G spot

In a crowded field of candid cameras -- from Moore to Kutcher, "Jackass" to "Joe Schmo" -- Sacha Baron Cohen (aka Ali G) works it like no one else.

Jul 16, 2004 | James Broadwater is flustered. A Mississippi Republican running for Congress, he's canvassing with a man he thinks is a television reporter from Kazakhstan named Borat. As the two go door to door, shaking hands with constituents, they stop to introduce themselves to a woman walking by.

Broadwater: I'm running for United States Congress in District 2.

Borat: He is a strong man.
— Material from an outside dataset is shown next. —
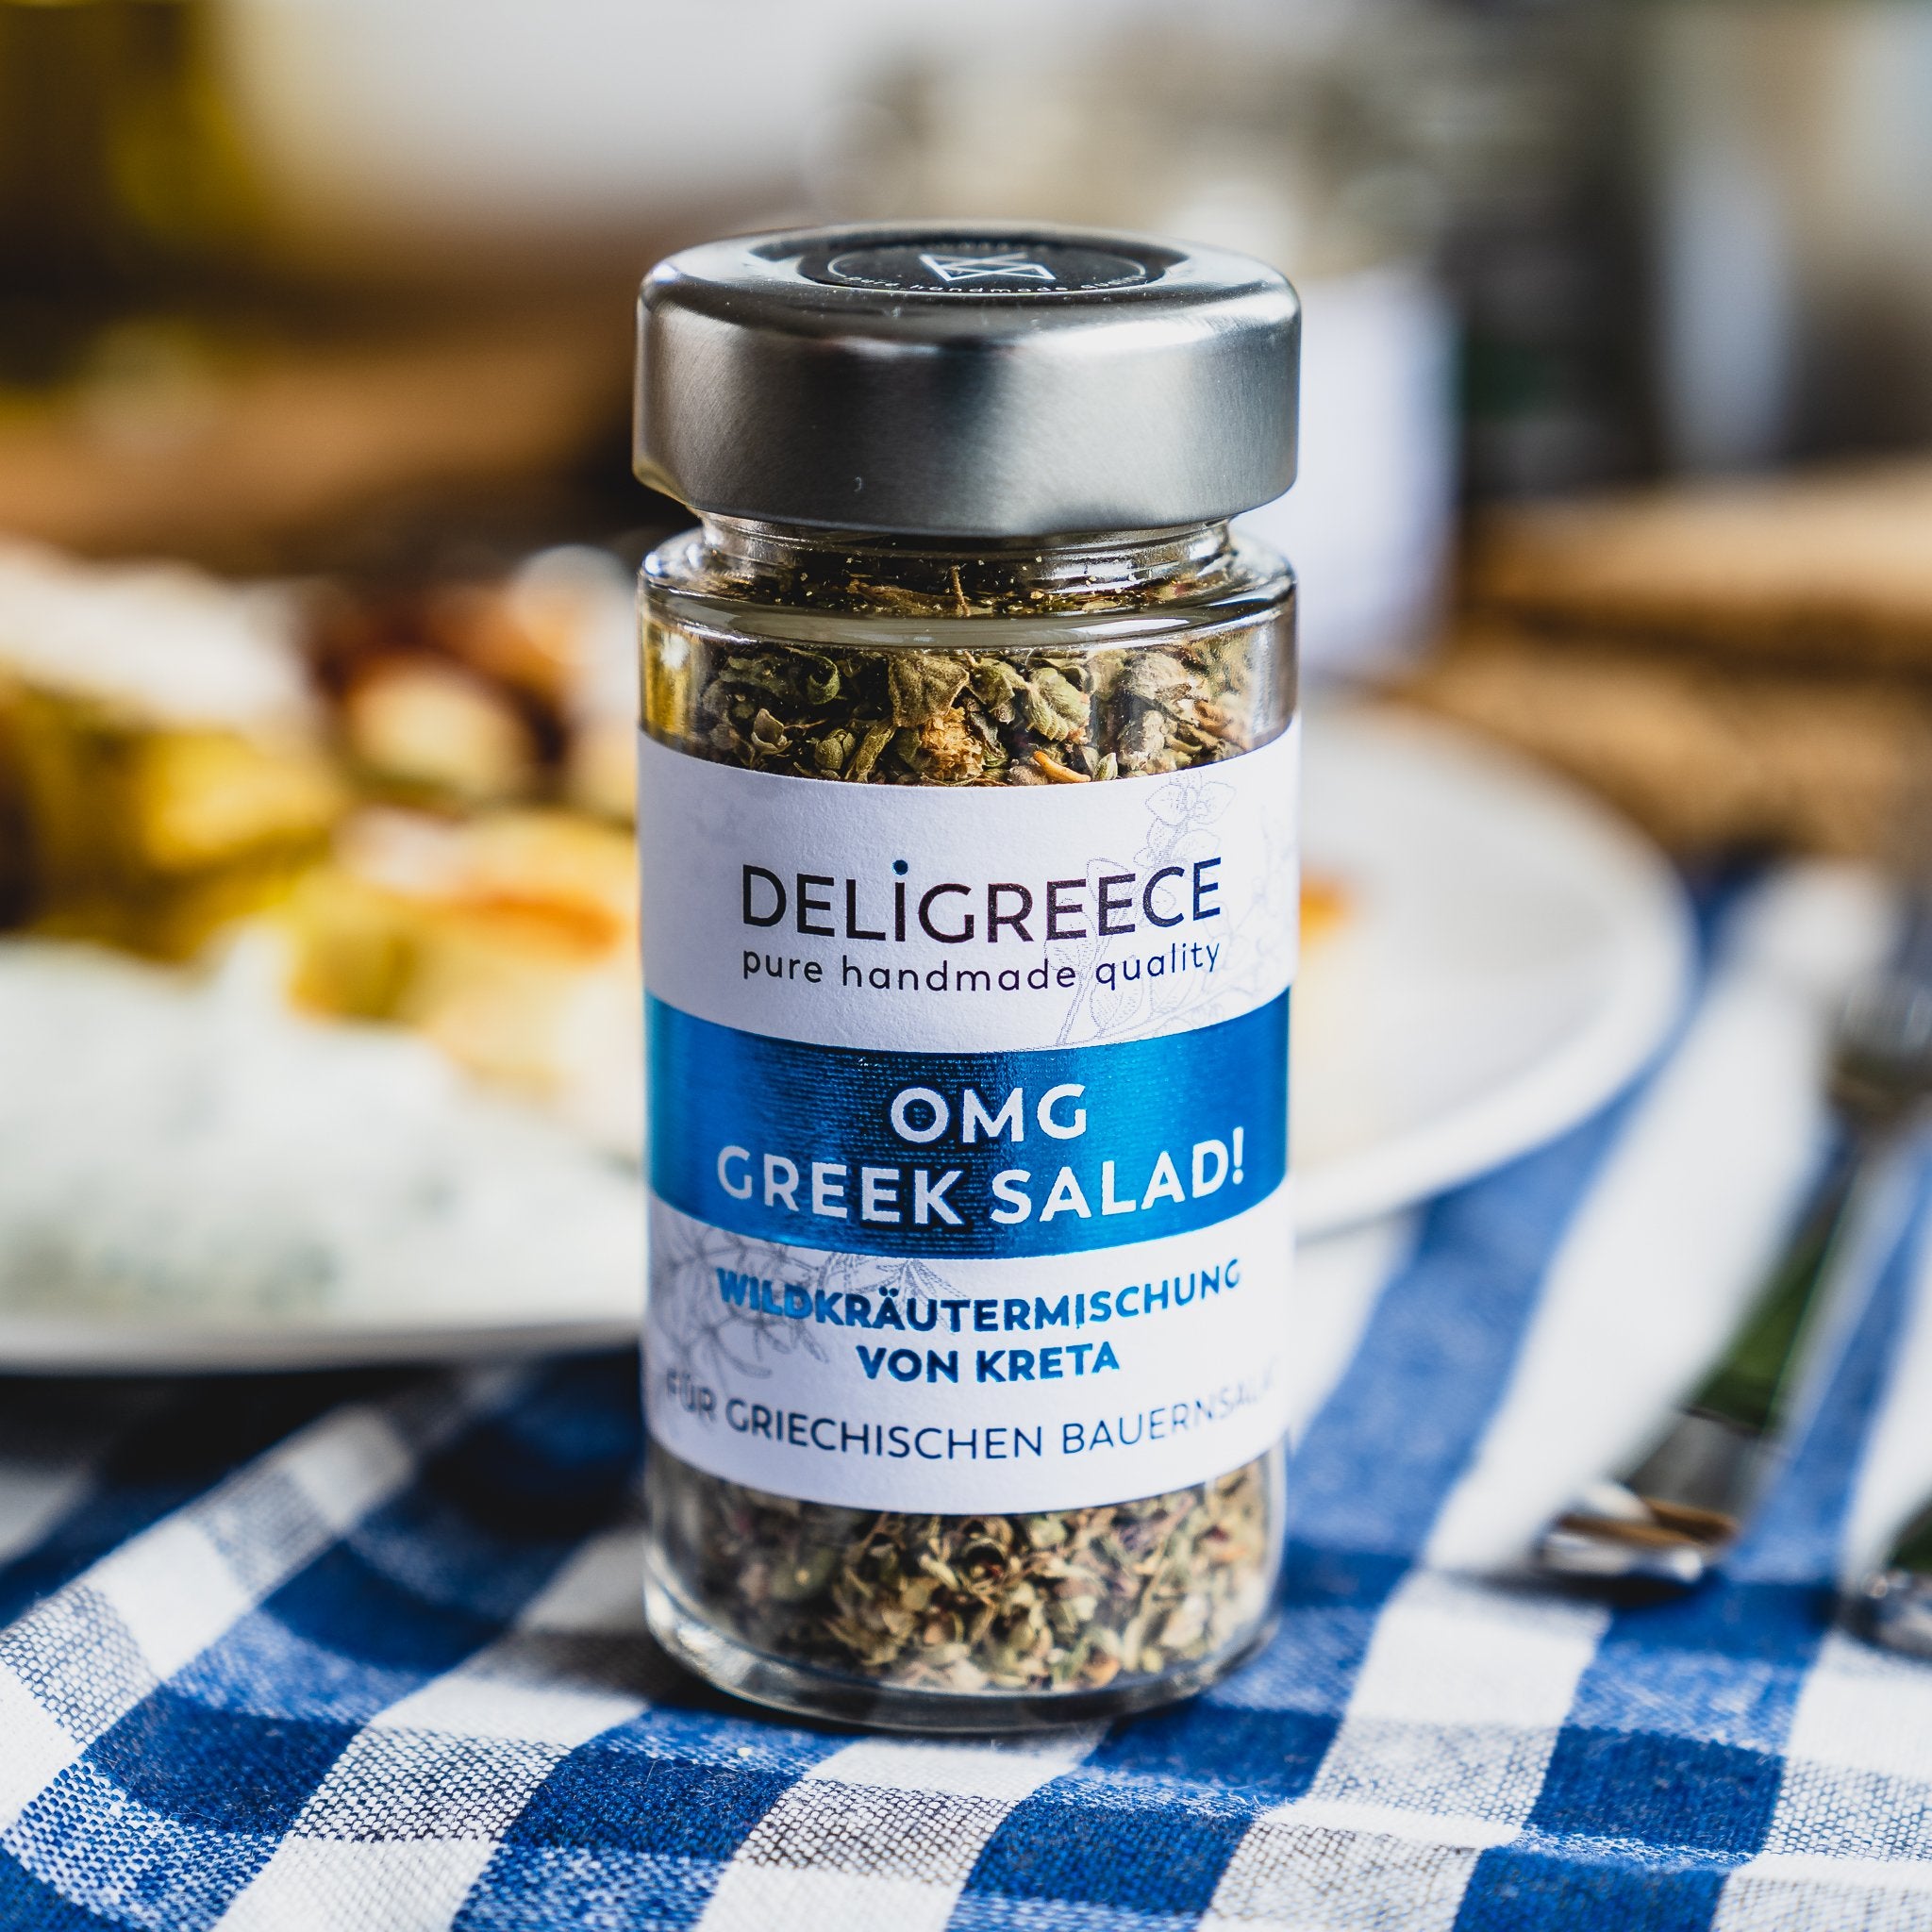 Deligreece Wildkräutermischung OMG Greek Salad

He will crush his opponents and he will be powerful like Stalin and not tolerate people who are bad.

Broadwater: Well, actually, I wouldn't compare myself to Stalin ...

Borat: Will you vote for my friend?

Woman: Well, I probably will, but I don't ever tell people who I vote for before I vote.

Borat: If you do not vote for him, he will take power!

Woman: Well, it depends on whether he gets enough votes or not.

Borat: I will not leave until you swear on the eyes of your child that you will vote for him.

If you're not already familiar with British comedian Sacha Baron Cohen, a prankster and provocateur whose startlingly real alter egos and shrewd tactics make Michael Moore look like a slow-moving animal, his HBO show, "Da Ali G Show," returns Sunday for its second season. It again stars Cohen in his three guises: the aggressively misguided Borat, Austrian fashion journalist Bruno and hip-hop dim bulb Ali G. They are men who speak broken English and are largely unfamiliar with American culture, and yet they seem to be able to bring out the best -- and worst -- in everyone they encounter.

Their interview subjects have ranged from Newt Gingrich to Boutros Boutros-Ghali, but you would think that this time around, Cohen would have a lot more trouble luring in public figures. Not so. The first two episodes alone feature such big names as ABC's Sam Donaldson, former presidential candidate Pat Buchanan and former Los Angeles police chief Darryl Gates, and upcoming episodes feature Noam Chomsky and EPA administrator Christine Todd Whitman. And nobody appears to have been in on the joke.

How Cohen attracts high-profile guests to his show -- and how it's possible that these individuals and their publicists aren't familiar with his routine -- is anybody's guess. But interviews with prominent people are far from the main draw of "Da Ali G Show." Cohen's unbelievable skills at improv and physical comedy call to mind Peter Sellers and Charlie Chaplin. When he shows up as Borat to taste wine with some older gentlemen, he embodies this stiff, formal man who's prone to passionate outbursts. He tosses back several glasses of wine until he's very drunk, but never breaks character. "You look like Premier Brezhnev, but more good," he gushes drunkenly to the men as he's leaving. "Very good man! Not just in head. Head, nothing! Heart everything." Later, as Bruno interviewing a pastor who "converts" homosexuals, Cohen folds his legs under him and holds himself with a loose, bored air that's utterly different from Borat's forced, aggressive gestures. The two characters look so completely different despite minimal costume adjustments that it would be easy to believe that Borat and Bruno are played by different actors.